Il avait la mâchoire pendante et les yeux grands ouverts. Mort et bien mort, ai-je pensé. Nul besoin de le tourmenter davantage, il s’était éliminé lui-même. J’ai quand même essayé de sentir son pouls sur la carotide mais son casque m’en empêchait.

On nous avait fourni une horloge programmable, geste bien aimable de leur part, qui m’indiquait que je voyageais inconscient depuis quarante-quatre heures, conformément au plan établi. Dans trois heures, nous allions recevoir un terrible coup de pied destiné à nous placer en orbite d’attente autour de Terra.
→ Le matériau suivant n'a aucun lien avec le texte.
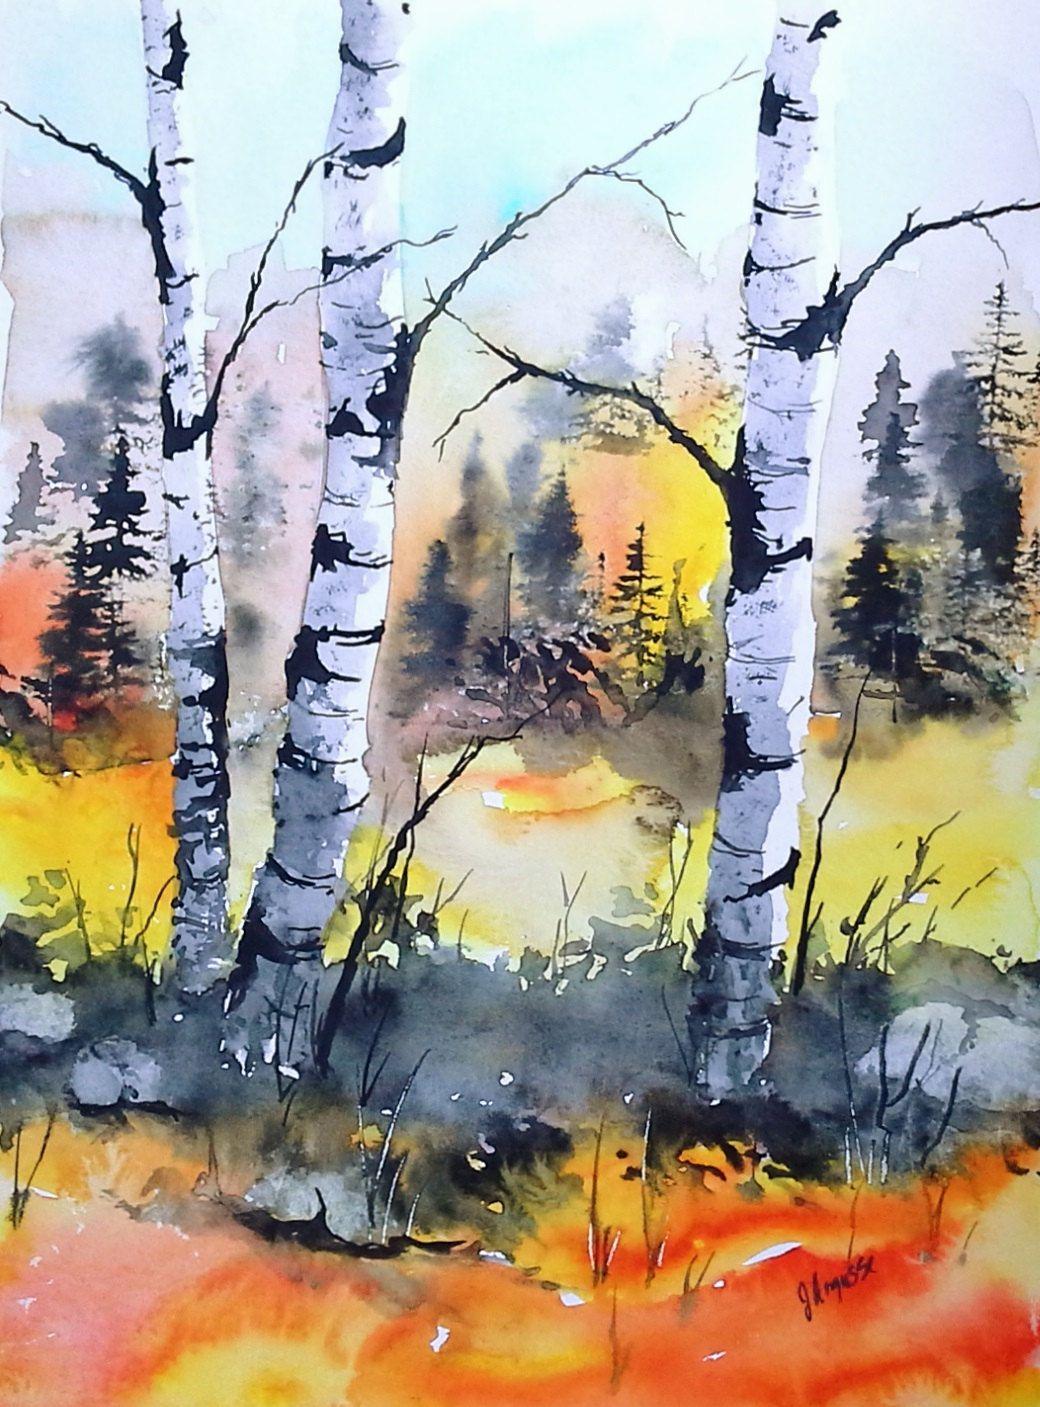 Original watercolor art for sale - Birch Tree Art Watercolor Original Landscape Original Painting Watercolor Painting Original Watercolor Birch Tree Art
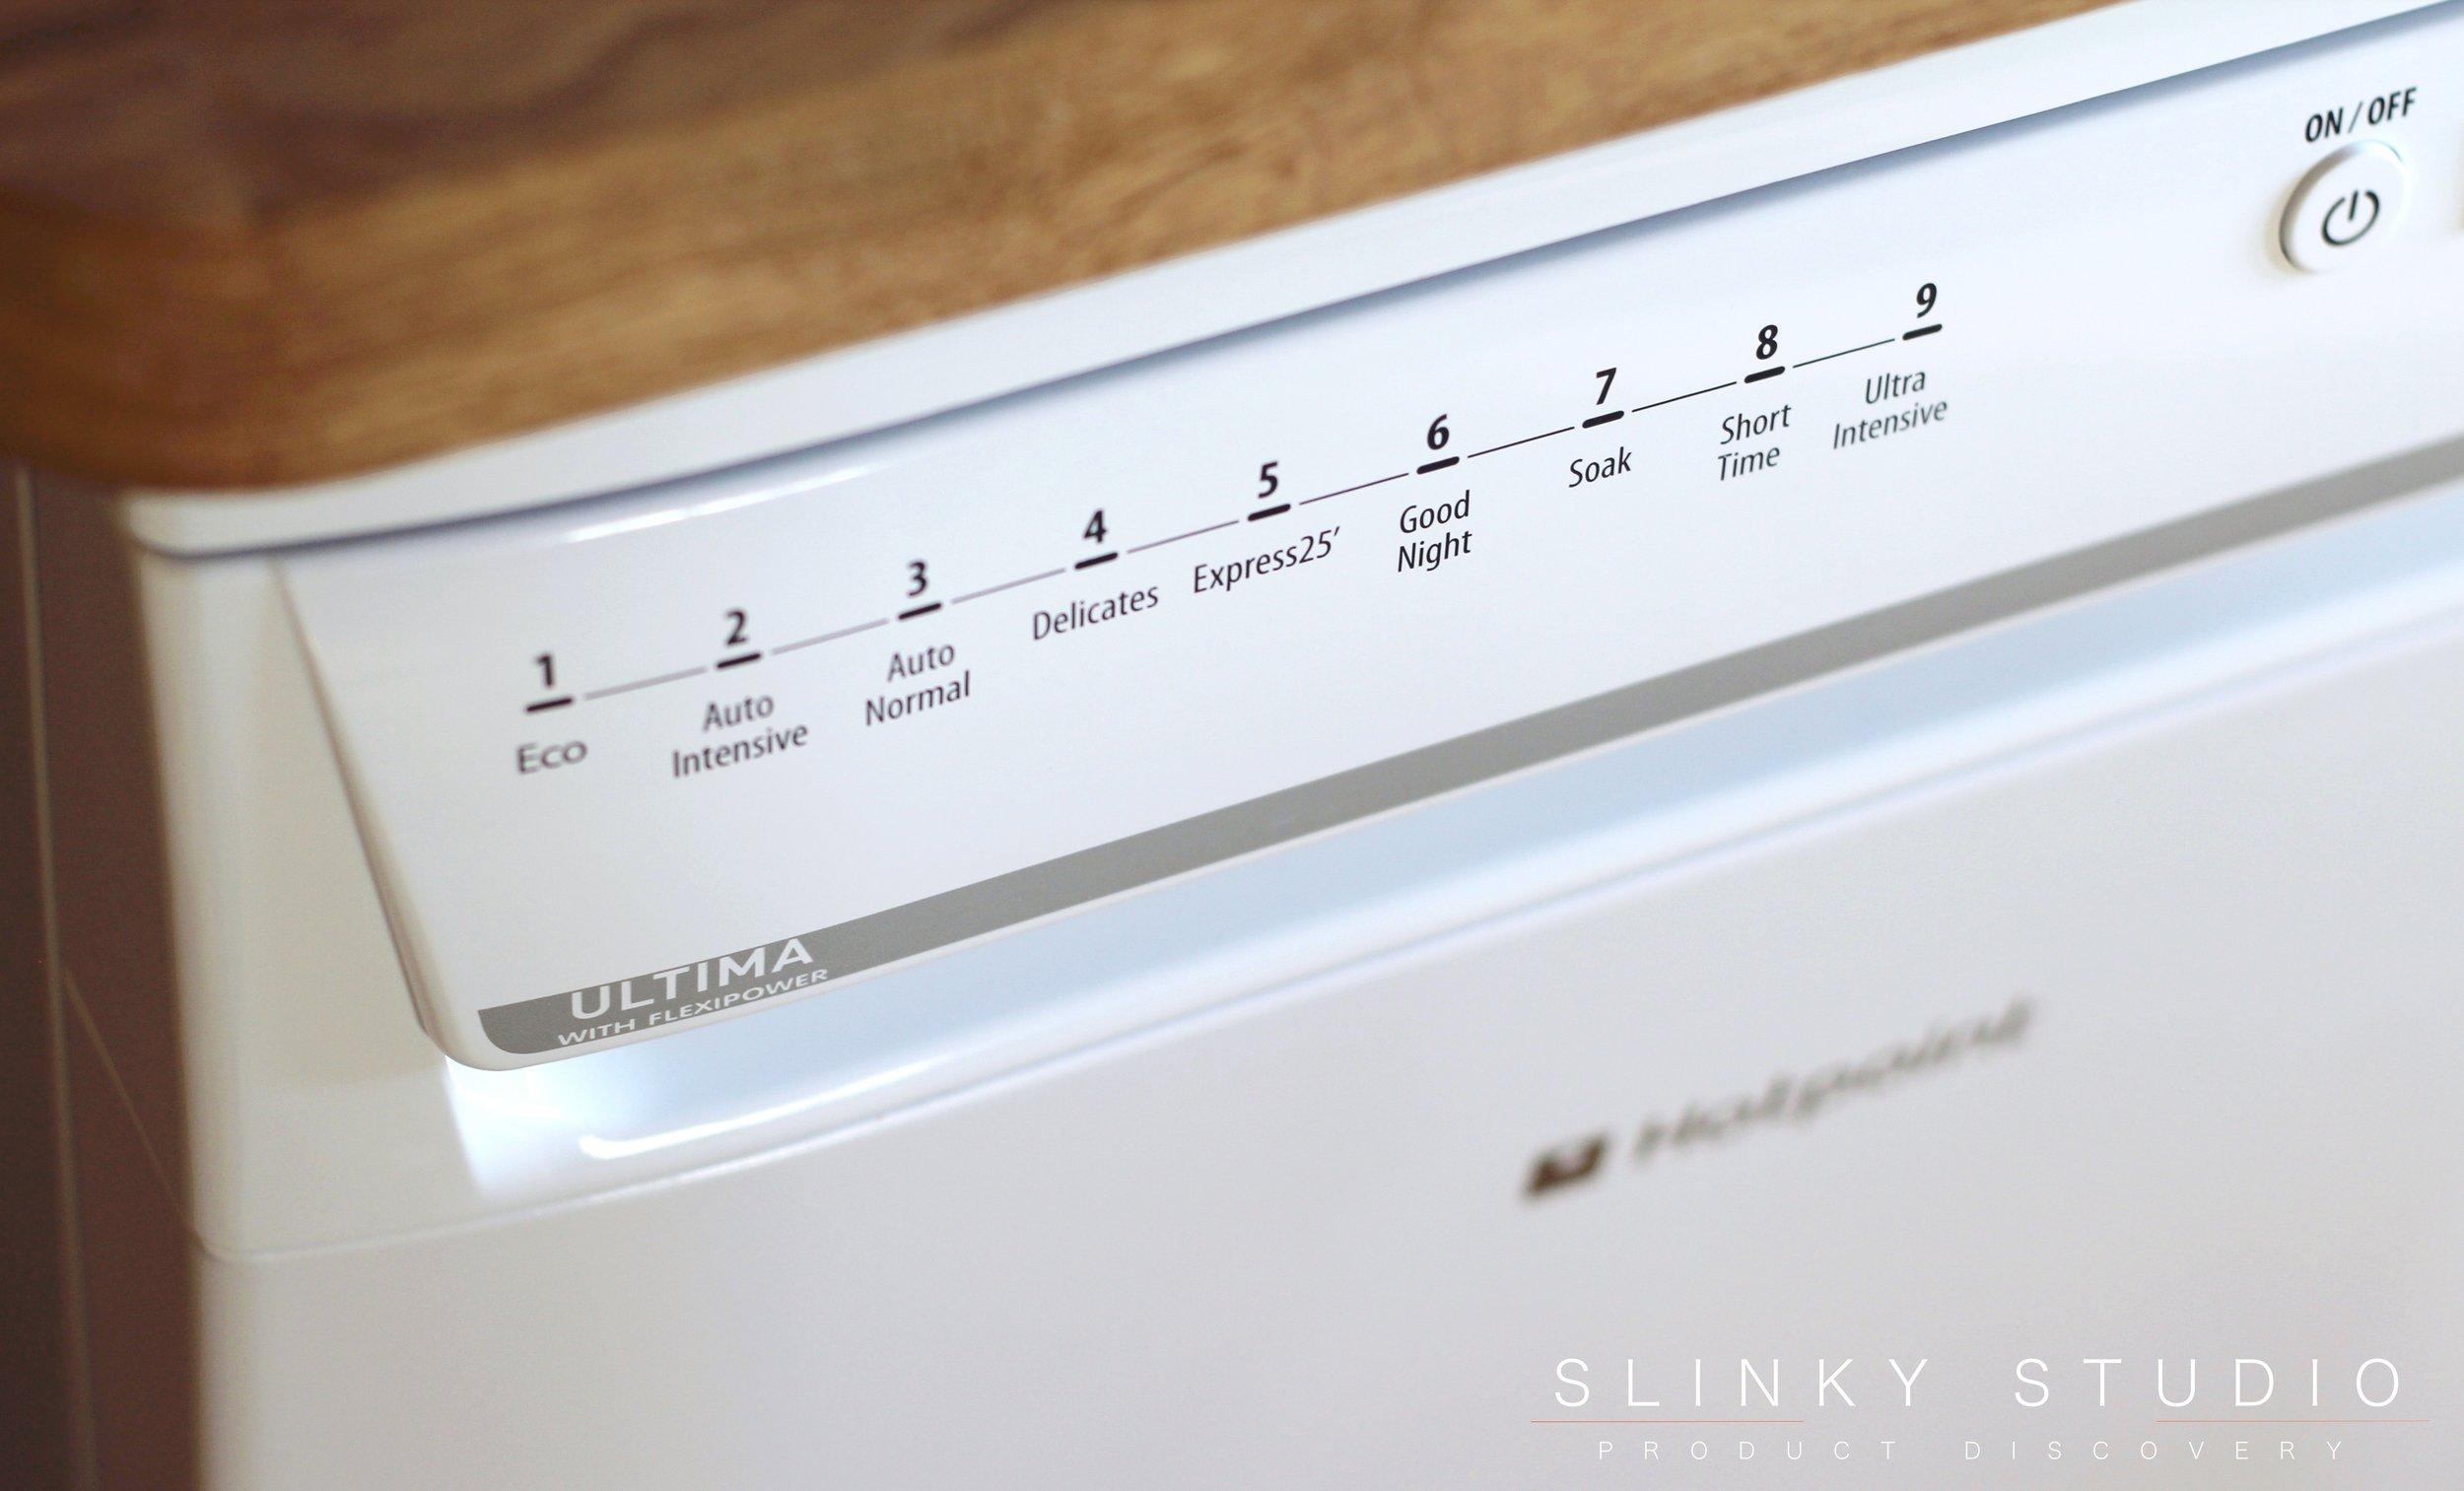 Hotpoint Ultima Slimline Dishwasher Modes.jpg

Nous devions alors décrire deux révolutions de trois heures, au bout desquelles commencerait le programme d’atterrissage… si la tour de contrôle de Poona n’avait pas changé d’idée et ne décidait pas de nous laisser sur orbite. C’était improbable : on ne laisse pas le grain dans le vide plus longtemps que nécessaire, car il a en effet tendance à gonfler, à se transformer en pop-corn, ce qui non seulement lui fait perdre de la valeur mais peut de surcroît fendre les réservoirs comme une pastèque. N’était-ce pas merveilleux ? Pourquoi diable nous avaient-ils expédiés avec un chargement de grain ? Pourquoi n’avaient-ils pas complété le chargement avec des cailloux, qui se fichent pas mal de flotter dans le vide ?

J’ai eu tout le temps de réfléchir à ces problèmes, et aussi celui de souffrir de la soif. J’ai bu une demi-gorgée, pas davantage, pour éviter d’avoir à supporter une accélération de 6 G la vessie pleine (je n’aurais pas dû m’en inquiéter puisque sans me le dire, ils nous avaient mis des sondes).

Juste avant la procédure, j’ai décidé que cela ne pourrait faire aucun mal à Prof si je lui administrais la dose en principe prévue pour lui permettre de supporter de fortes accélérations ; lorsque nous serions sur l’orbite d’attente, je lui donnerais alors un stimulant cardiaque… il me semblait bien, en effet, que rien ne pouvait plus le faire souffrir.

Après lui avoir injecté le premier sérum, j’ai passé les quelques minutes restantes à m’attacher de nouveau, d’une seule main. J’enrageais de ne pas connaître le nom de celui qui avait oublié de me remettre mon bras gauche ; je serais allé lui apprendre à vivre.